To let: large slice of North Korea
by Jonathan Watts in Seoul
Guardian
November 14, 2000The 'hermit' state is opening up with plans for a huge business complex aided by the south
Business tenants wanted: prime 16,000-acre, green-field site conveniently located between two of Asia's biggest capital cities. Communist owners willing to throw in low-paid, highly educated workforce, tax breaks and security by a 1m-man army, but tenants must provide their own roads, rail links and power stations. Local attractions include the world's most heavily fortified border and hours of free propaganda broadcasts.
Such could be the pitch for the Kaesong industrial complex, the envisaged development of a sizeable chunk of North Korean territory with billions of dollars of foreign investment, which was a main reason for a ground-breaking economic agreement between Seoul and Pyongyang - South and North Korea - on Saturday. The two cold war enemies signed a deal to protect investment, end double taxation, open a direct route for financial transactions and establish a panel to settle trade disputes.
For the moment, the Kaesong complex is little more than a twinkle in the eye of North Korea's "dear leader" Kim Jong-il, who has promised the land to his main business partner in the south, Chung Mon-hun, the head of Hyundai Asan. But the plan for the site - an almost undeveloped plain 18km from the demilitarised zone that separates the two Koreas - is fast becoming a litmus test for the entire process of reconciliation.
After decades of isolation that have left its economy in tatters and millions of its people malnourished, North Korea has started opening up to the outside world. Since the summer, a series of meetings between Mr Kim and the leaders of South Korea and Russia and US secretary of state Madeleine Albright have prompted comparisons with the developments that preceded the fall of the Berlin Wall.
But unlike Germany, economics rather than politics is the driving force. South Korean president Kim Dae-jung wants re-unification over a generation because he says the peninsula cannot afford to move quickly in closing the chasm that has opened up in the lifestyles of the two nations. Goldman Sachs estimates Seoul will have to spend $1 trillion (£690bn) to remove this disparity and rebuild its neighbour's shattered infrastructure.
Even the far more robust German economy was dragged into reverse by the $90bn a year cost of evening out a smaller disparity between west and east. For South Korea, which is still recovering from the Asian financial crisis of 1997-98, such a burden could be devastating. Seoul's wobbly financial health has been underlined by the bankruptcy of Daewoo Motors, once part of the country's second-biggest conglomerate, which led to violent weekend demonstrations by about 20,000 workers. Dozens of other firms, including several in the Hyundai group, remain on the brink of collapse.
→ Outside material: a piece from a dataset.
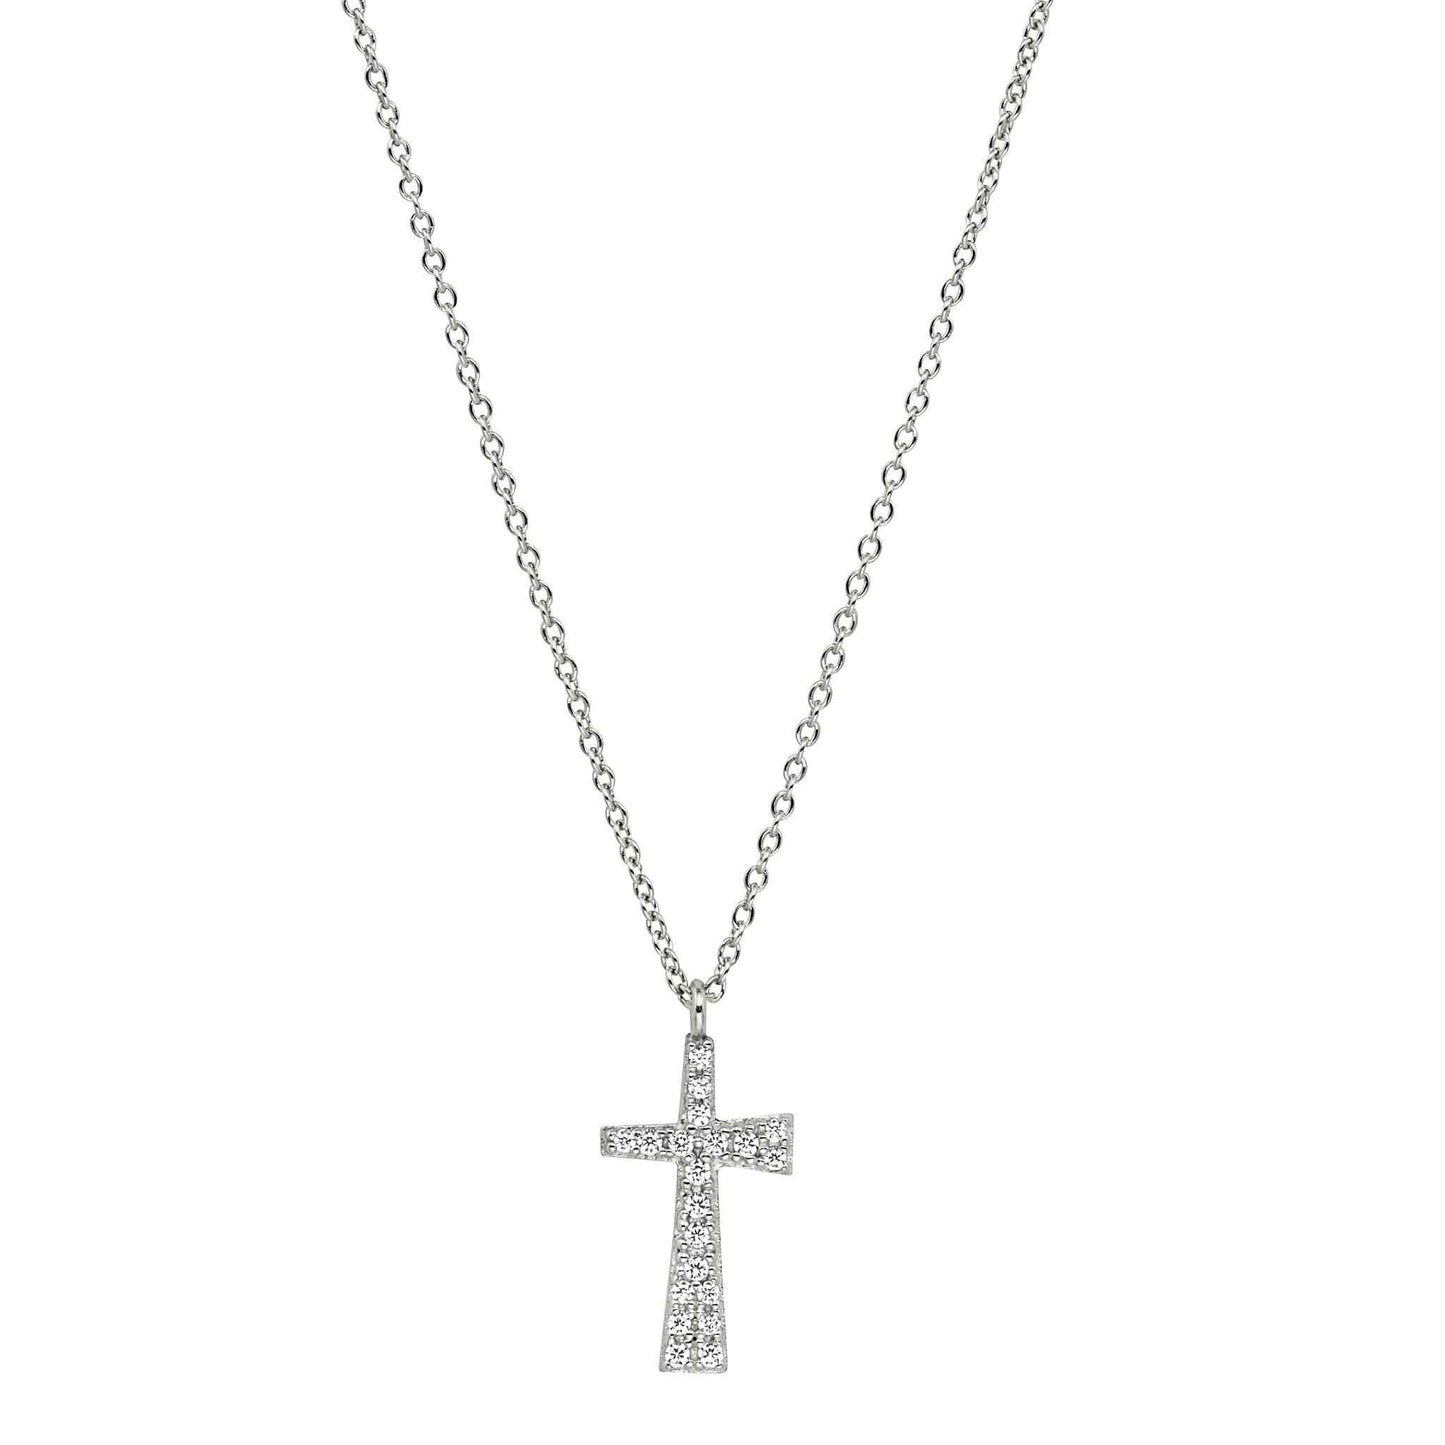 A tapered cross necklace with simulated diamonds displayed on a neutral white background.
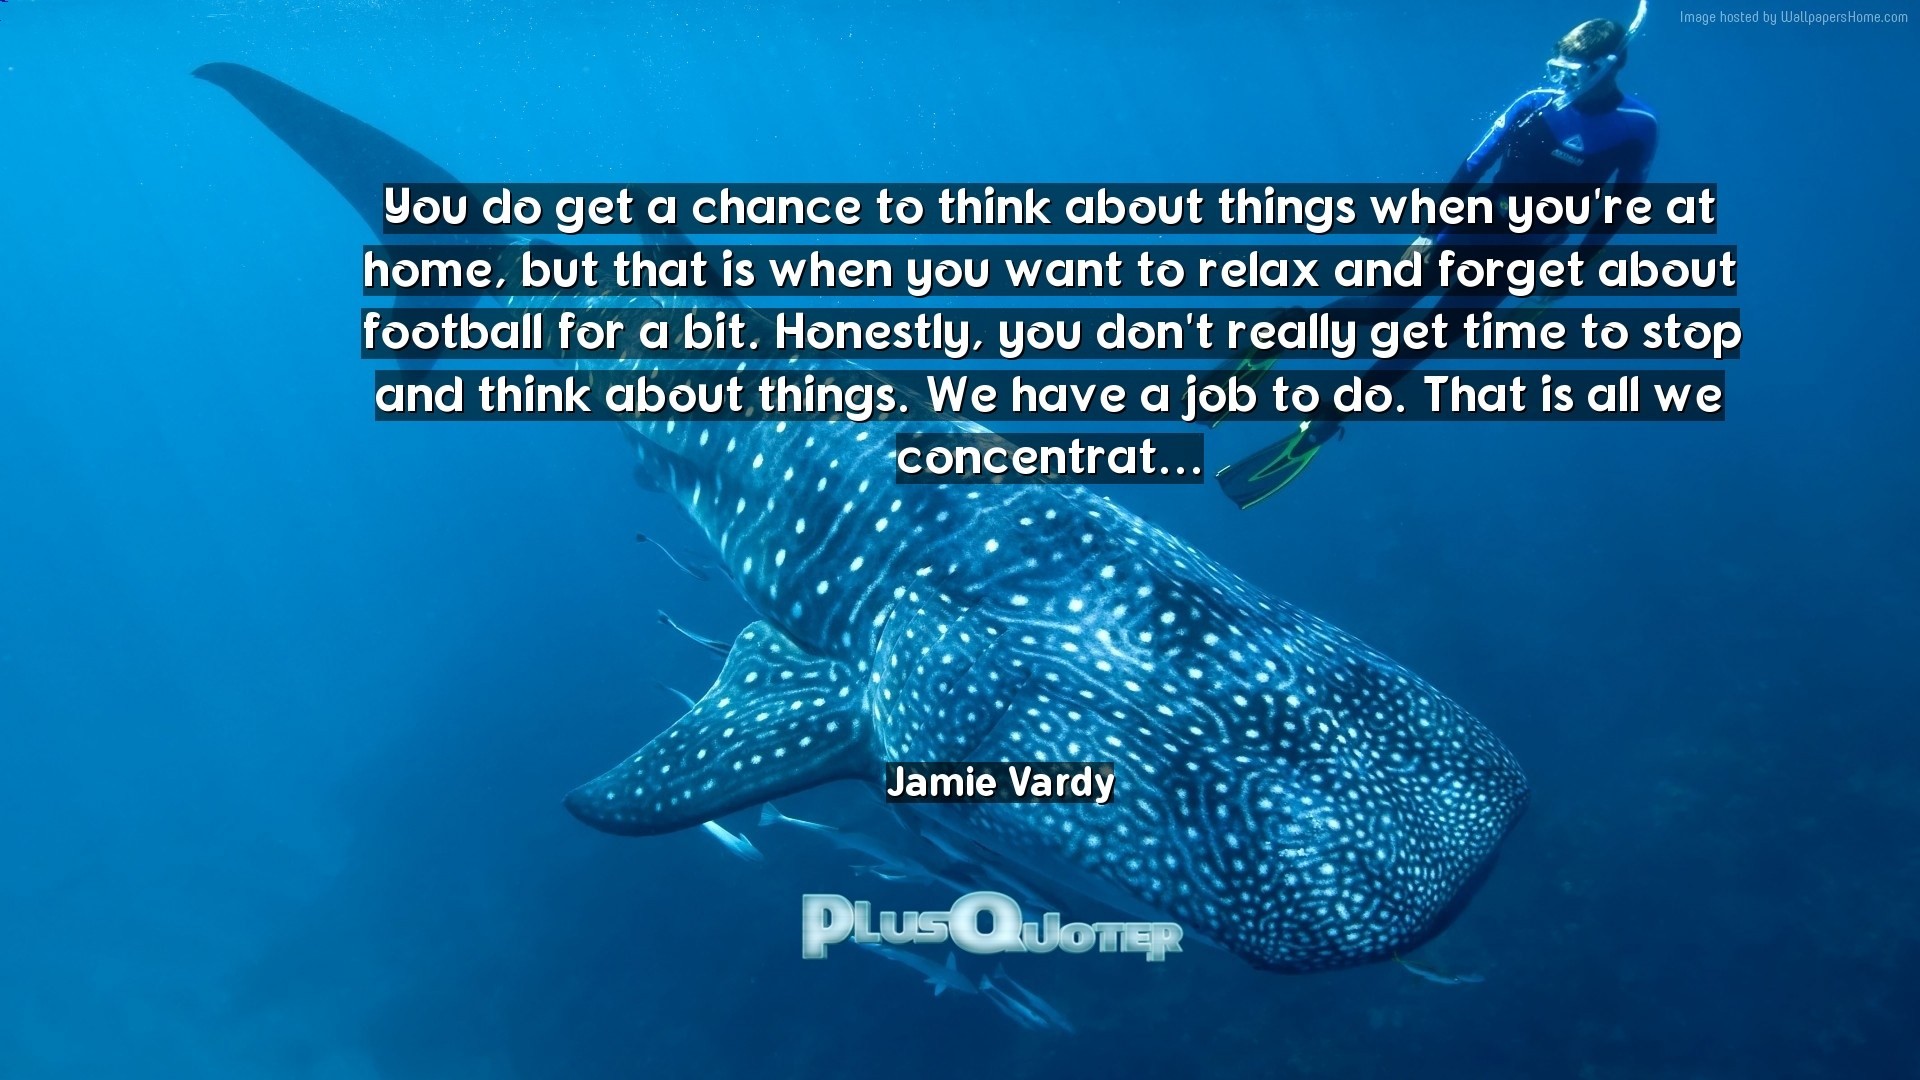 1920x1080 Download Wallpaper with inspirational Quotes- "You do get a chance to think  about things

To achieve a soft landing, the South Korean president is desperate to avoid a sudden collapse of the regime in the north. His "sunshine policy" aims to lure the hermit state slowly out of its shell with the promise of aid and investment.
The north's dear leader has milked this for all he is worth, demanding hundreds of thousands of tonnes of rice from the south, billions of dollars worth of second-world-war reparations from Japan and reportedly $3bn from the United States in return for a pledge to abandon the country's missile programme.
While visits to the north by politicians, diplomats and generals have grabbed the headlines, arguably the most important emissary has been Chung Ju-yung, the octogenarian founder of the Hyundai conglomerate who broke the ice between north and south two years ago by crossing the border with a gift of 500 cattle.
As part of the process of confidence-building - which so far has been synonymous with loss making - Hyundai Asan has pumped $1bn into the North Korean resort of Mt Kumgang. The resort has attracted 310,000 tourists in two years - well short of the breakeven point of 500,000 that it hopes to reach by 2002.
Undeterred, Hyundai Asan is now drawing up even more ambitious plans for Kaesong. According to blueprints, the site will be developed over eight years from an empty plot into a bustling commercial centre of 1,200 firms and 160,000 workers, producing $20bn worth of goods each year. Underlining the policy of economic integration and political separation, the complex will be fenced off and guarded by North Korean troops.
South Korean companies in labour intensive industries such as textiles, footwear and electronic assembly have already applied for space in the complex, where they will benefit from wage costs that are anything from a fifth to a twentieth of those south of the border.
Despite this advantage, no foreign companies are expected to join the first stage of the development, which is scheduled for completion by this time next year. "Its too early for western firms to make a commitment. There are still too many unknowns," said a European diplomat.
Given the uncertainties that still surround the venture, it would be a miracle if the project goes ahead. But several miracles have already occurred in this amazing year for Korea.